Verbenas last year (1872) did not begin flowering till September. I attributed the fact of the plants being all spring-struck as coinciding with the dull wet season we experienced in postponing their flowering, and accordingly last year propagated all the plants required in the autumn instead of spring. This year flowering began about the middle of July, and for the last six weeks has been in profusion. This has not been at the sacrifice of fresh young shoots for propagating material, as is sometimes the case with autumn-struck plants, for these have also been abundant. Verbenas prove by far the most satisfactory outdoor flowering-plants here. Besides the cut-flower supply being more plentiful than from any other source, they yield a display of bloom till far in the season, the early frosts rarely assuming such severity as to do them permanent injury. The sorts which are found to succeed well in regard to climate, etc, are old Scarlet Defiance, Purple King, and Snowflake: the latter has not such a straggling habit here as I have frequently seen it assume. Judging from the vigorous growth the sorts named make in this soil, I have concluded that fewer plants might suffice to cover the ground than are frequently used, unless the season proved unusually dry.
Planted about 12 inches apart, and pegged out as far as could be done, the growth, besides covering the ground, averages 18 inches high: in this way they would of course be unsuitable for front lines, if such should be the desired arrangement. Passing on to Calceolarias, I find the cool moist bottom the deep peaty soil affords to suit them to a nicety; and planted out in a growing condition - that is, without being coddled -they give lasting satisfaction. They are much exposed to wind, which when it prevails is generally of no ordinary force; therefore timely attention to staking is particularly necessary. The worst of these storms I ever experienced here, or in fact elsewhere, was on 26th July 1872, from due east, when some of them were all but torn out by the root. The foliage even of Turnips was blackened as if by frost, at the same time. A valuable shelter has since been provided by the erection of a substantial high wall, which effectually breaks the east and north-east winds in particular, and proves highly beneficial to flower-gardening generally. Regarding varieties of Calceolarias, none we have tried surpasses old Amplexicaulis for effect; indeed it is the only variety that claims special observation.

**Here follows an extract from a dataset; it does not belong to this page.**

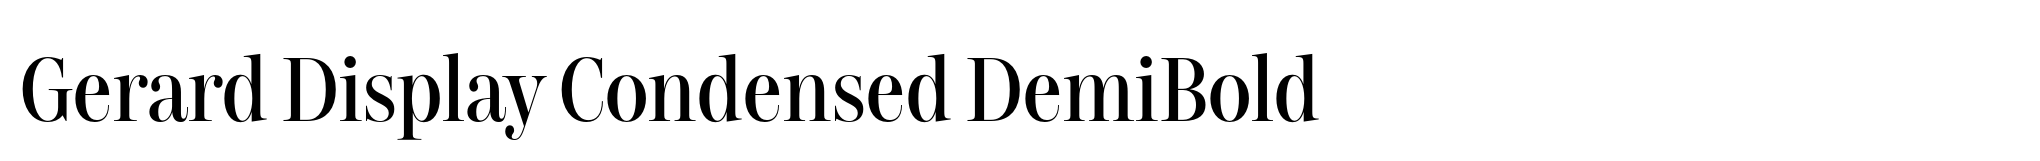 Gerard Display Condensed DemiBold image

I was surprised on being informed recently it had been discarded in some districts, as where it does well, as it certainly does here, I consider it a most telling variety; and if the plants are judiciously arranged, their massive spikes of bloom impart tone to a whole border. Golden Gem is also well worthy of a place, being evidently capable of doing its part in the roughest weather. A bed of it has for some time been a thicket of bloom, and, from the continual appearance of buds, appears to be but beginning. The crimson and dark sorts, such as Ambassador, Garibaldi, and others, we reserve for pot-culture, as they were not found to be satisfactory for bedding, on account of the damage they sustained in stormy weather. Probably I may already have made too great inroads on your valuable space, and may send notes on other bedding plants here with your permission on a future occasion. D. Mackie.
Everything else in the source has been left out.